Feel comfortable with:

  • Asking naive questions — they are the expert. Don’t assume. Let them explain.
  • Following up on their answers, and ask them to show you when they describe something.
  • Active listening (but without words). Try to keep your affirmations and noises to a minimum, especially if you’re recording.
  • Uncomfortable silence. If someone doesn’t have an answer right away, give them space to think.
  • Veering off your plan and following interesting threads. Your guide isn’t a checklist, it’s a way of being strategic about the questions you ask.

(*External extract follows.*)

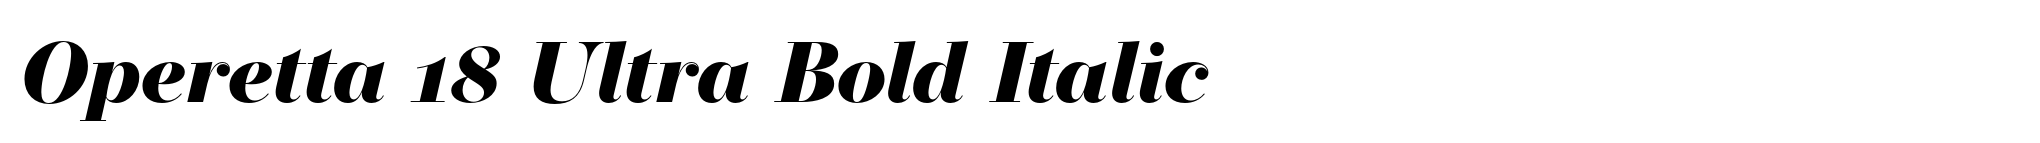 Operetta 18 Ultra Bold Italic image
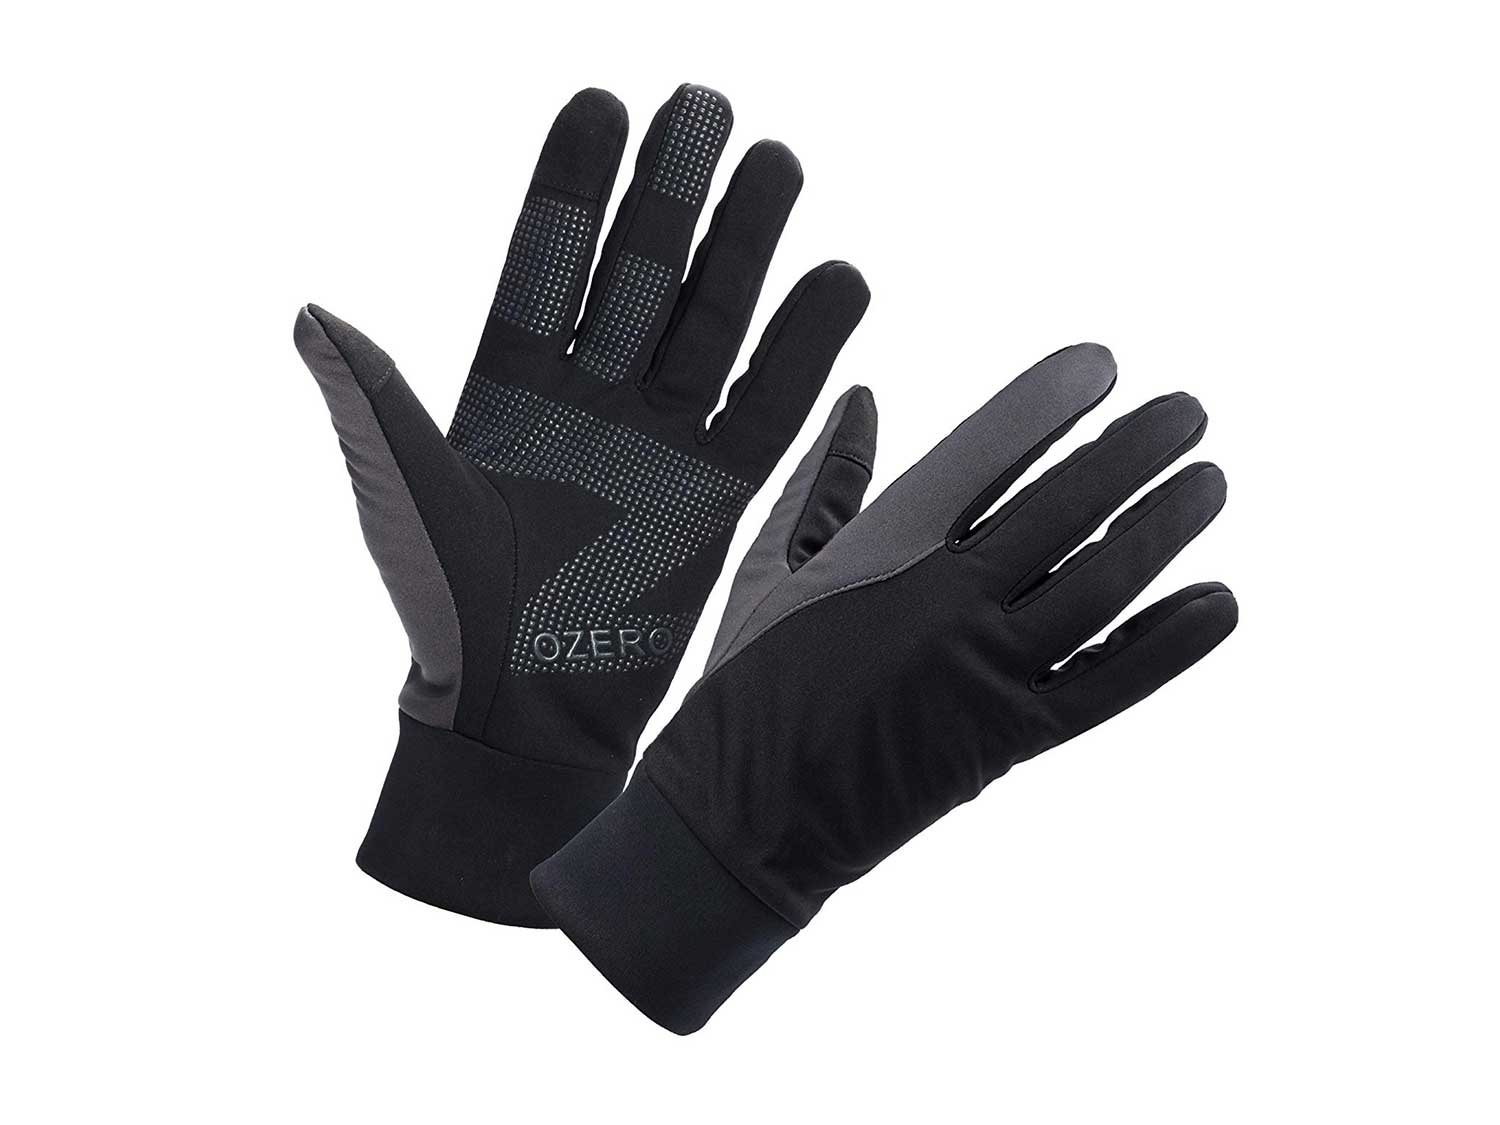 Ozero Men’s Winter Thermal Gloves

Watch for these important details:

  • Body language
  • Work-arounds where someone has created their own system
  • Unintended uses of systems or objects
  • Mismatch between words and actions
  • Revealing motivations

How you show up and what you say shows a lot about your respect for the people you’re working with.

Before an interview:

  • Be in touch beforehand: let them know who’s coming, why, what you’ll be talking about, and for how long.
  • Send a reminder confirming time and location.
  • Be relaxed, and dress appropriately.
  • Be organized: prepare your equipment and questions ahead of time.
  • Be on time!

Assign roles in the field:

  • Session leader: asks most of the questions, follows the discussion guide, most actively responds to participant.
  • Notetaker / Timekeeper: makes notes in a notebook or paper on the session, makes sure session is on time.
  • Photographer / Videographer: takes pictures of the session, especially of the user, their objects and activities
  • Those not leading the session can ask questions, but they mostly listen quietly.

When you get started:

  • Get permission to record/take photos before you start doing so.
  • Spend time building rapport. Write that time into your discussion guide.

Don’t forget:

  • You’re here to work
  • Respect others time
  • Be thoughtful about privacy
  • YOU are running the session

After an interview, you should have a lot of new ideas in your head. Get them out as quickly as possible so you don’t forget.

Immediately after an interview, debrief with your team what you just experienced:

  • Share stories that stood out with each other. Take notes on these.
  • Capture small pieces of information (like quotes or stories) individually, so you can reference them later.
  • Keep your participants’ voices present, using their words.
  • Note what you found most surprising and interesting.
  • You should have a lot of notes! The more, the better. You’ll refer back later.

Debriefing does not mean making sense of your information…yet. Hold off on conclusions and solutions until you can synthesize your data together.


It can be hard to know when you should stop talking to people. The goal is not to be exhaustive, but to find inspiration that can inform you. You may need engage with people throughout the process. Consider:

  • Are you starting to see themes emerge? Can you draw some conclusions that lead you to new ideas?
  • Do you have time to talk to more people?
  • Are there more people you need to engage because of their connections, role, or perspectives?
  • Can you reengage people later?

Many times, you won’t know who to talk to. The process of finding your users is known as recruiting, and here are some techniques to consider.

Work with an organization: In a community or an issue area, you may develop a partnership with an organization to help with connections. Read more about developing partnerships here.

Participate in local activities: Volunteering, attending events, and participating in a community can be great ways to get to know people and build relationships.

Snowball recruitment: If you have one or two connections, ask them for introductions to others who may be willing and able to speak with you.

Cold-calling: Sometimes phone calls, visits, or emails can lead to connections and information that you can build on.

Intercepts (on the street): You can try to catch people on the street or in public and ask them to spend some time talking with you. You will likely be rejected more frequently than not — and that’s ok!

Getting an Intercept

On the street, make sure you introduce yourself, be casual, and get to the point quickly. Be brave, because you’re likely to be turned down. Intercepts are easier in pairs, and can be a great way to find out more about a behavior or activity.